◆ The task
Print the lines in the listing below starting at the line with "6'9 Travel Fish Surfboard Bag MKII" and ending at the line with "Conquista histrica, aprovado", both included. Reproduce them exactly and omit every picture.

◆ Entries shown
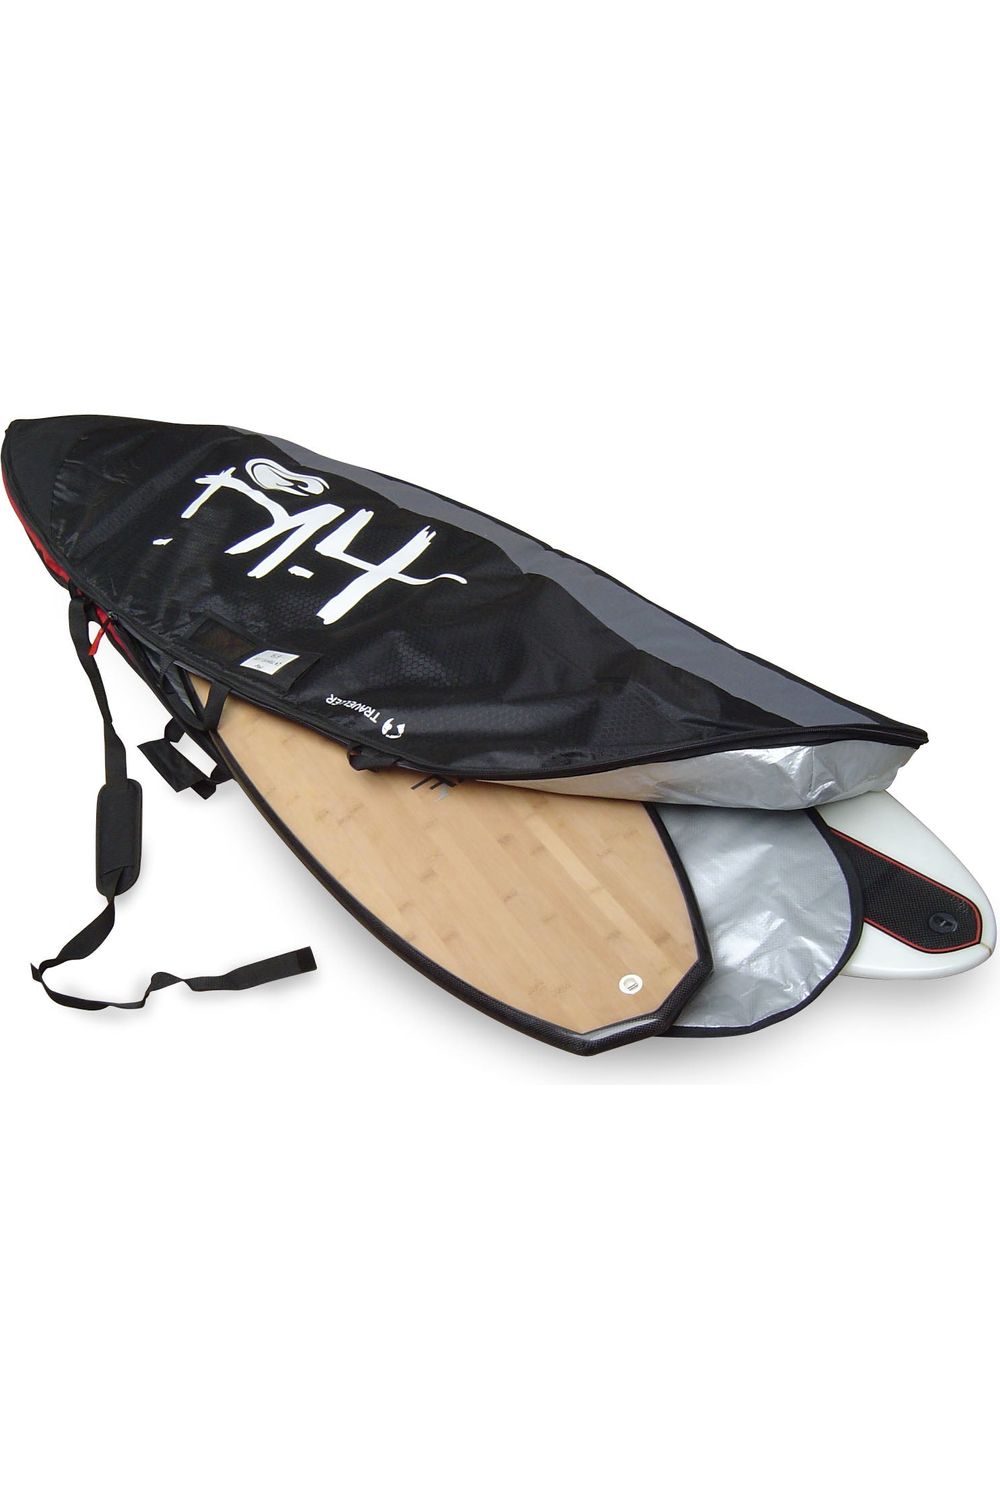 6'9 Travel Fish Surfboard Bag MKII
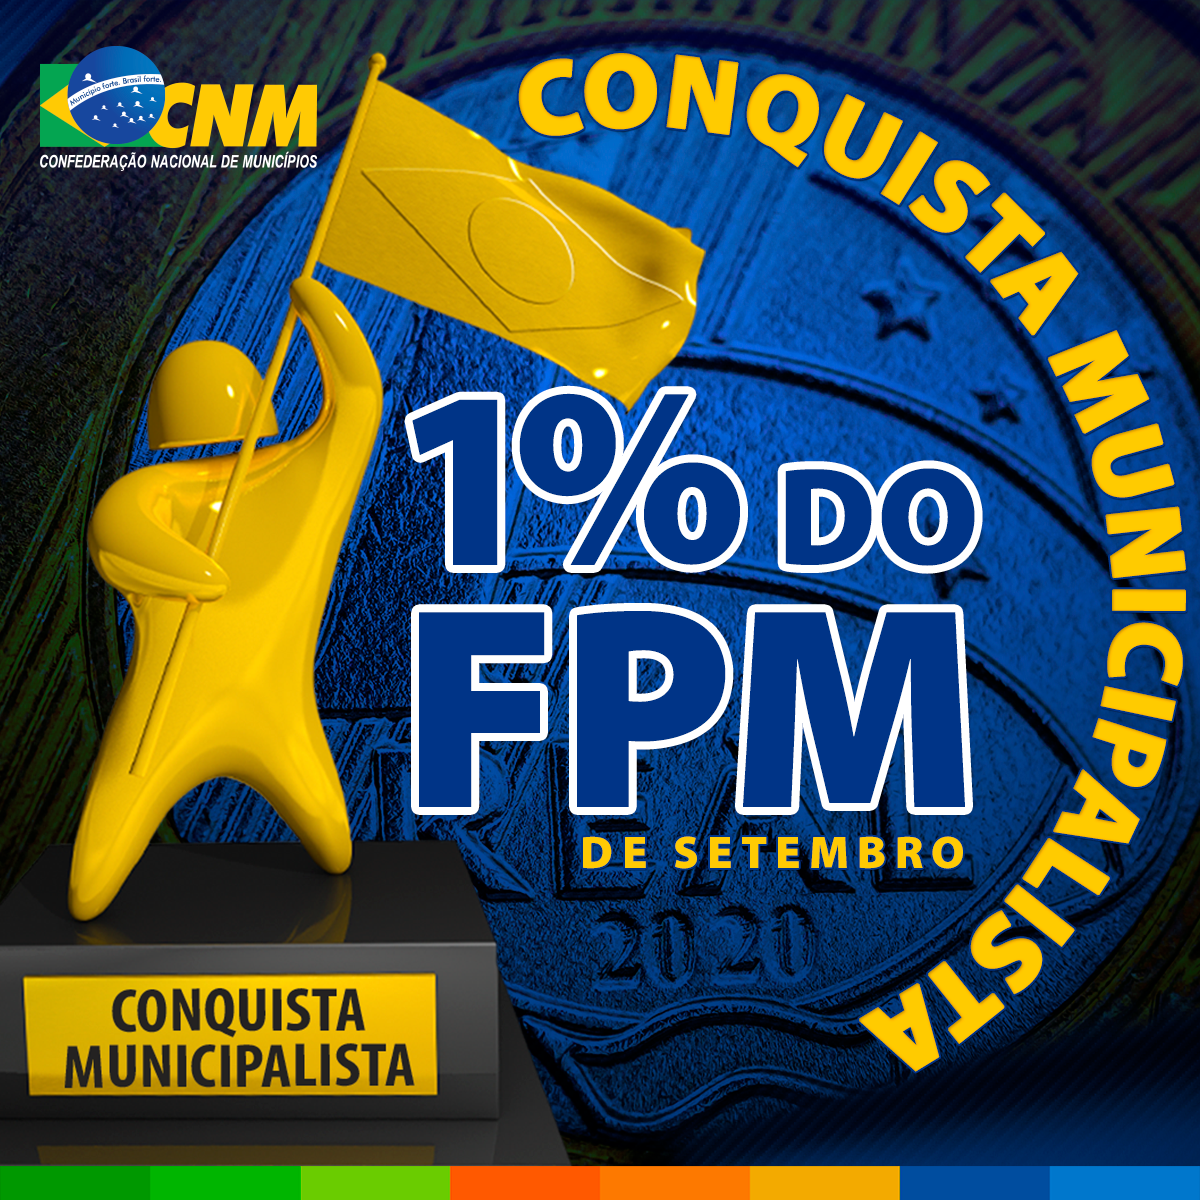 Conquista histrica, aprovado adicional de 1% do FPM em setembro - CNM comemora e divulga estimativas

...

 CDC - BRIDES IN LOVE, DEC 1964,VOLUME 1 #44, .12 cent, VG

◆ Result for this task
 6'9 Travel Fish Surfboard Bag MKII
 Conquista histrica, aprovado adicional de 1% do FPM em setembro - CNM comemora e divulga estimativas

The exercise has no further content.